### SOURCE MATERIAL
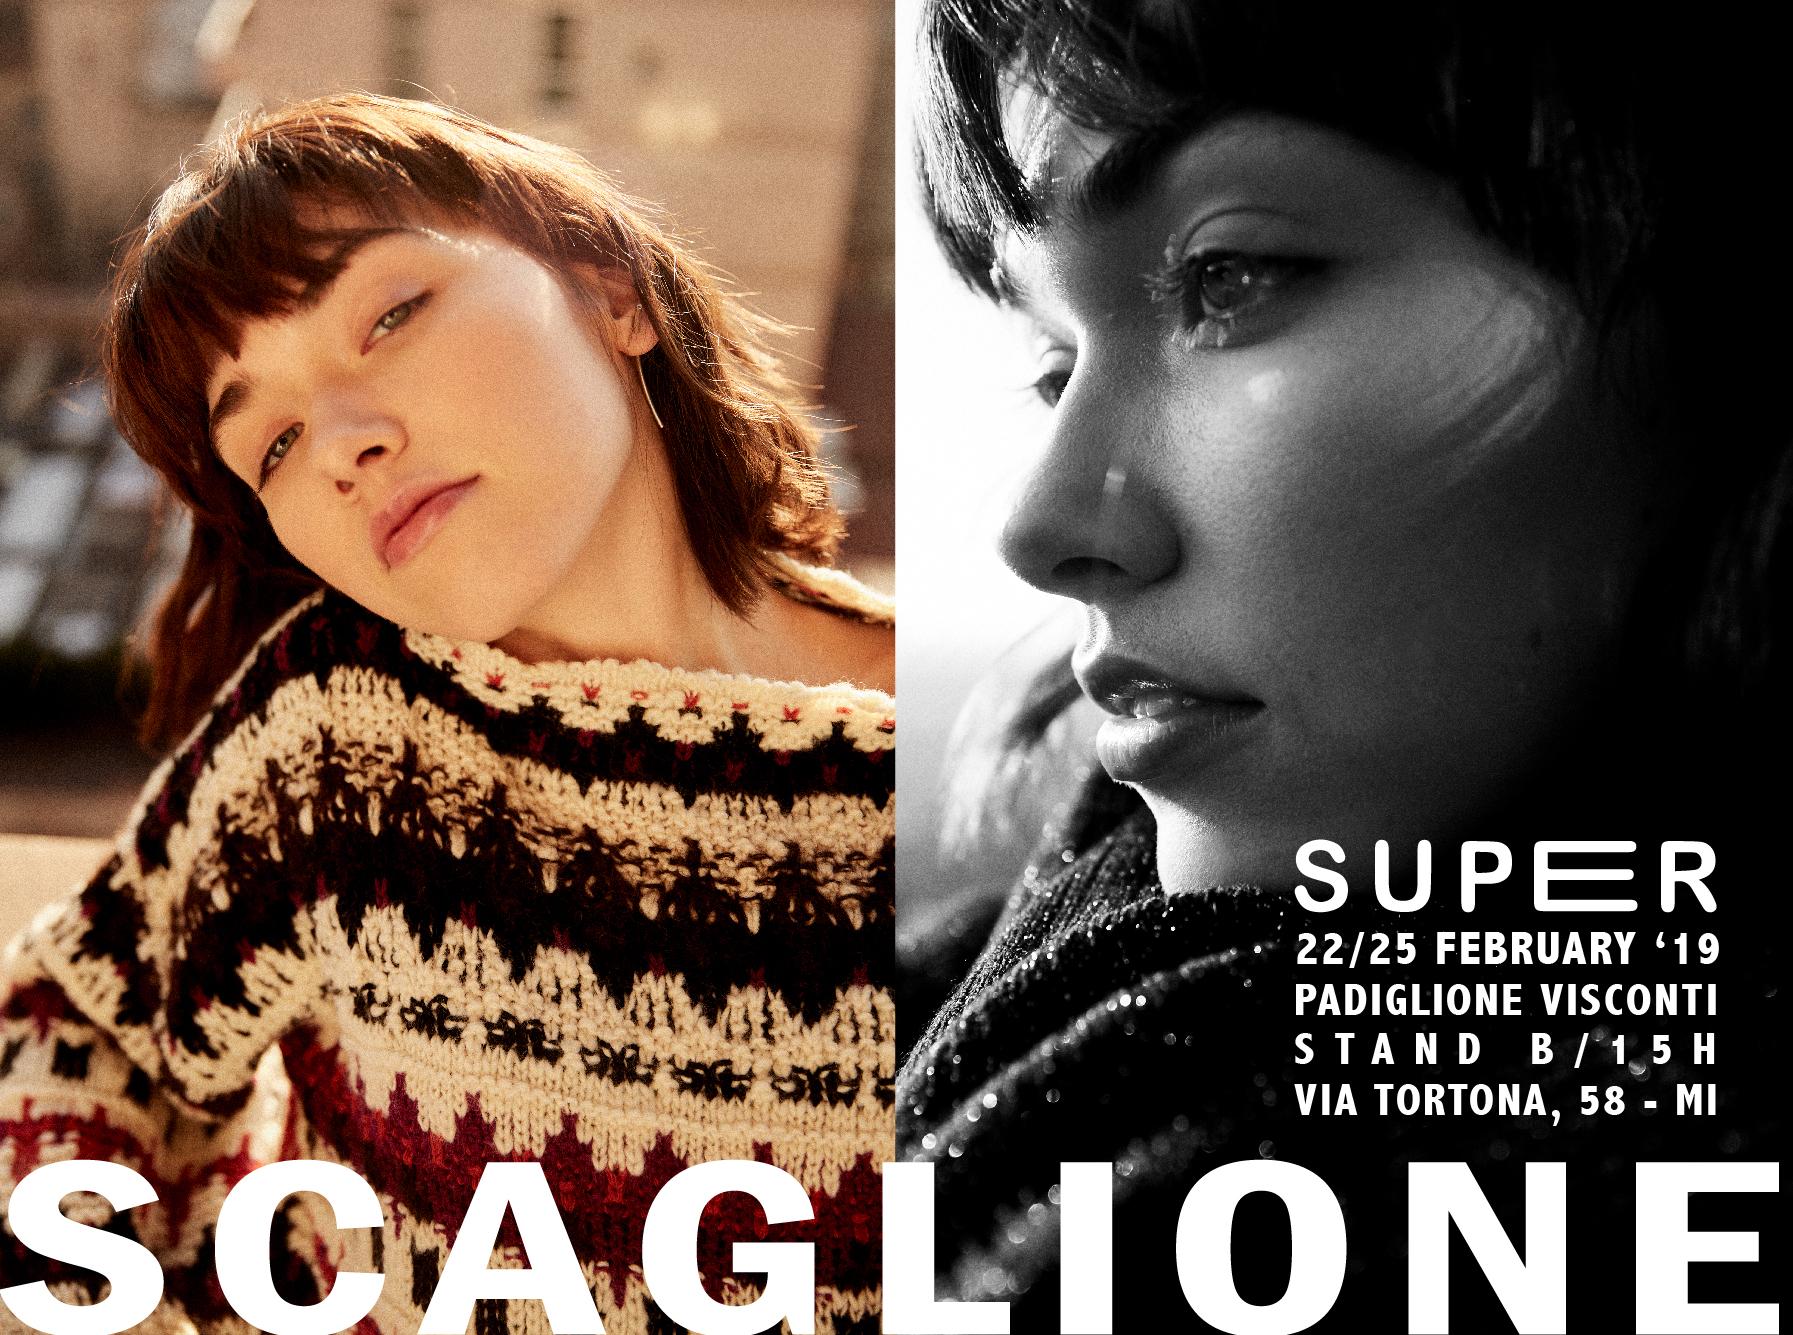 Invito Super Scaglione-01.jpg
---
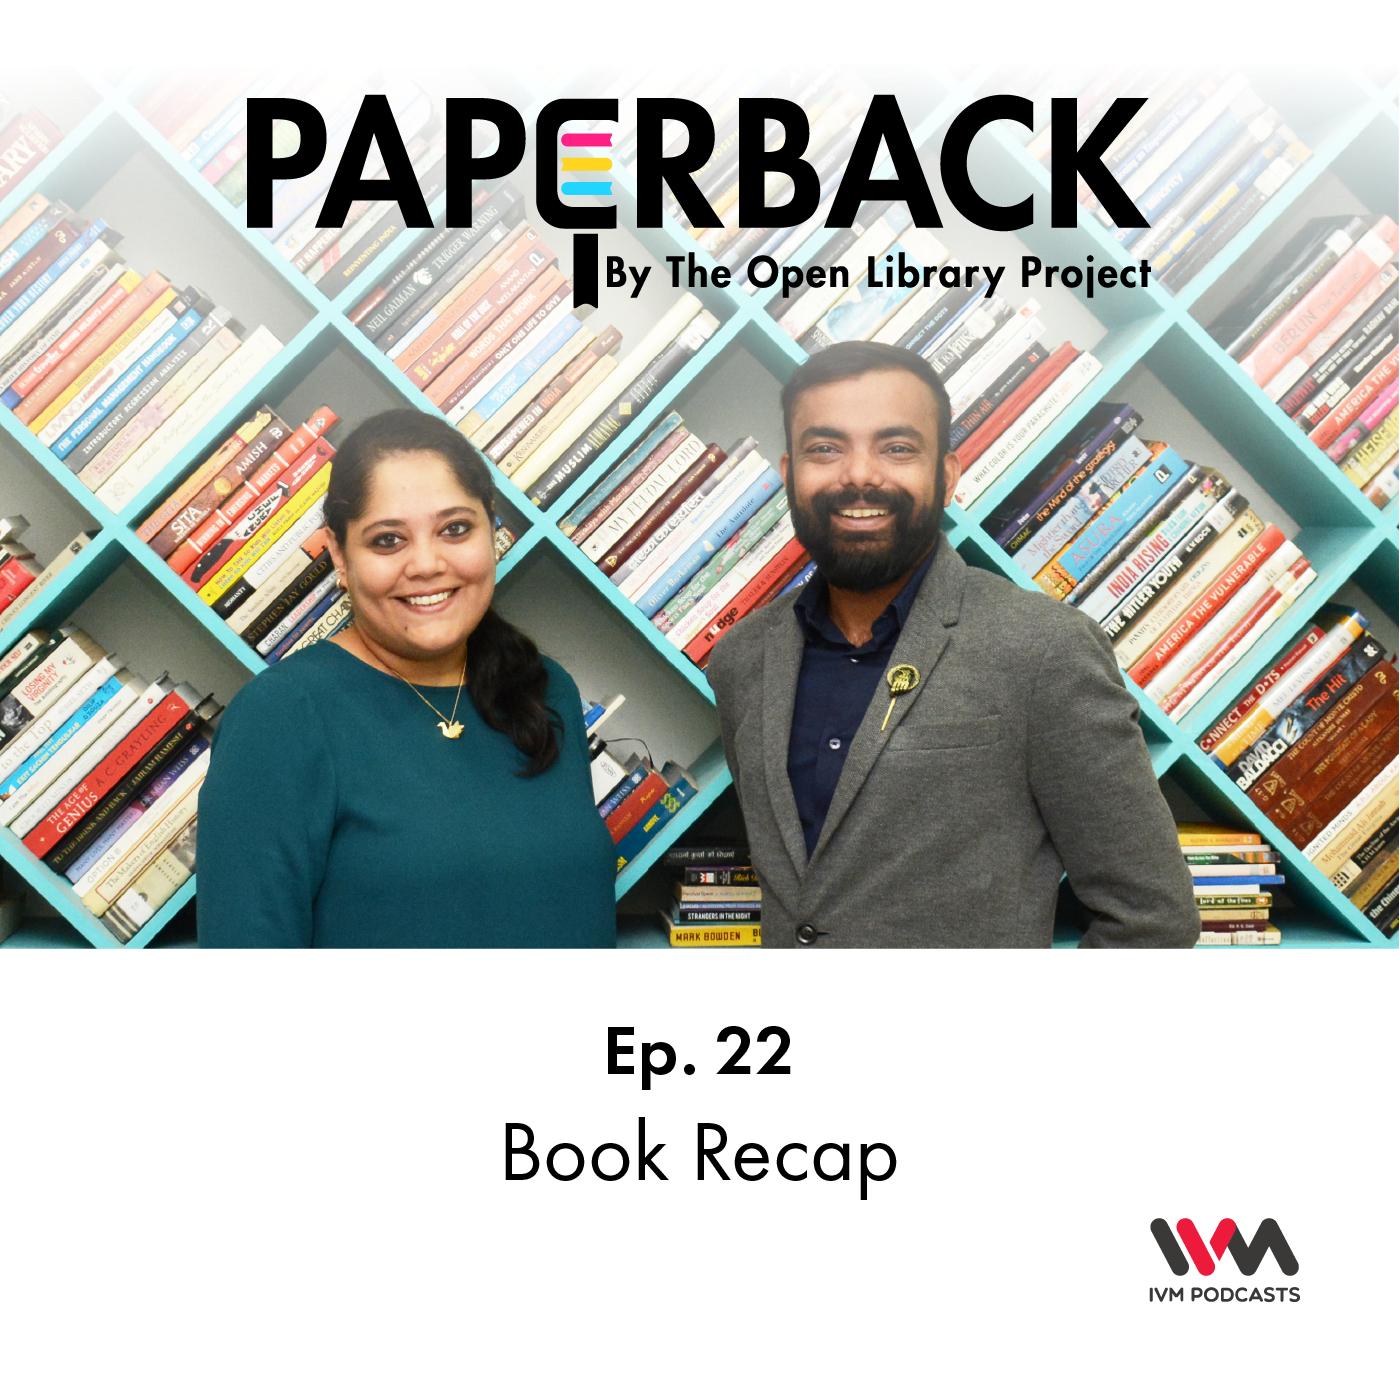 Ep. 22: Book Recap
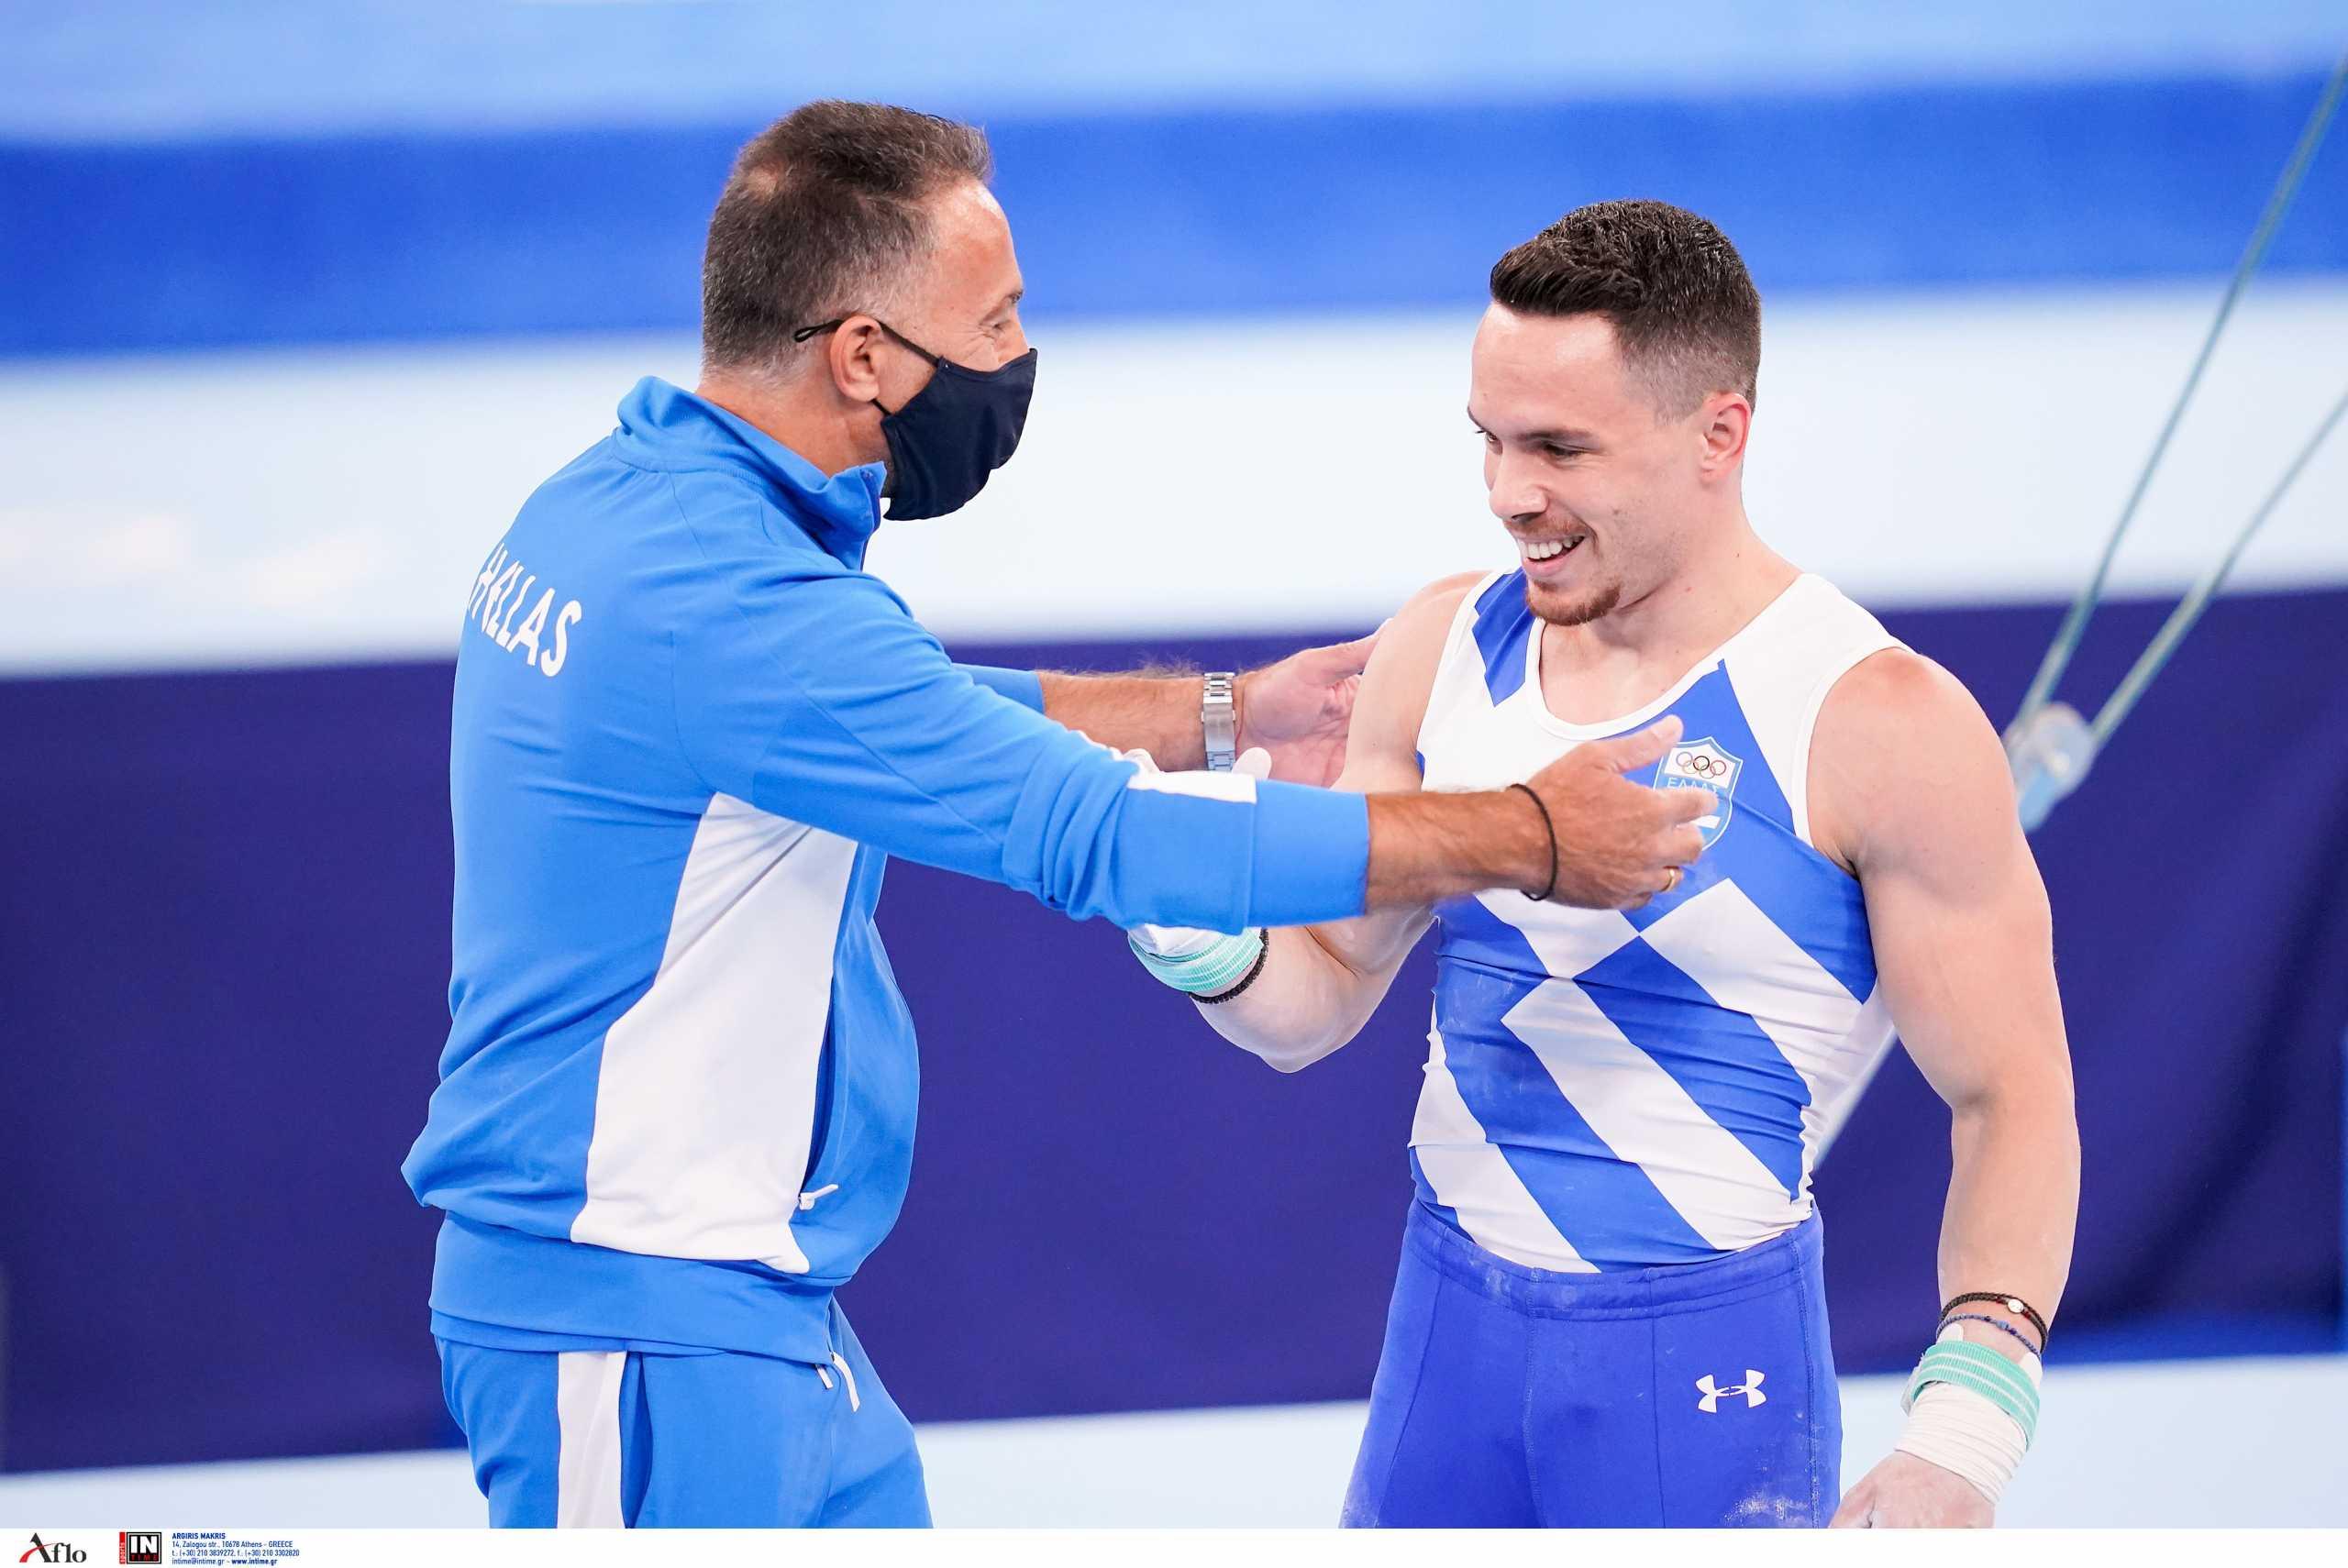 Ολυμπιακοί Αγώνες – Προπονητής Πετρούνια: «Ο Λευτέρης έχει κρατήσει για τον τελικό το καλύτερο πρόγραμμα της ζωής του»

### ACTION ITEM
In the listing above, find the line with "Ep. 22: Book Recap" and the line with "Ολυμπιακοί Αγώνες –". Transcribe those two and everything between, exactly, leaving out pictures.

### TASK RESPONSE
 Ep. 22: Book Recap
 Ολυμπιακοί Αγώνες – Προπονητής Πετρούνια: «Ο Λευτέρης έχει κρατήσει για τον τελικό το καλύτερο πρόγραμμα της ζωής του»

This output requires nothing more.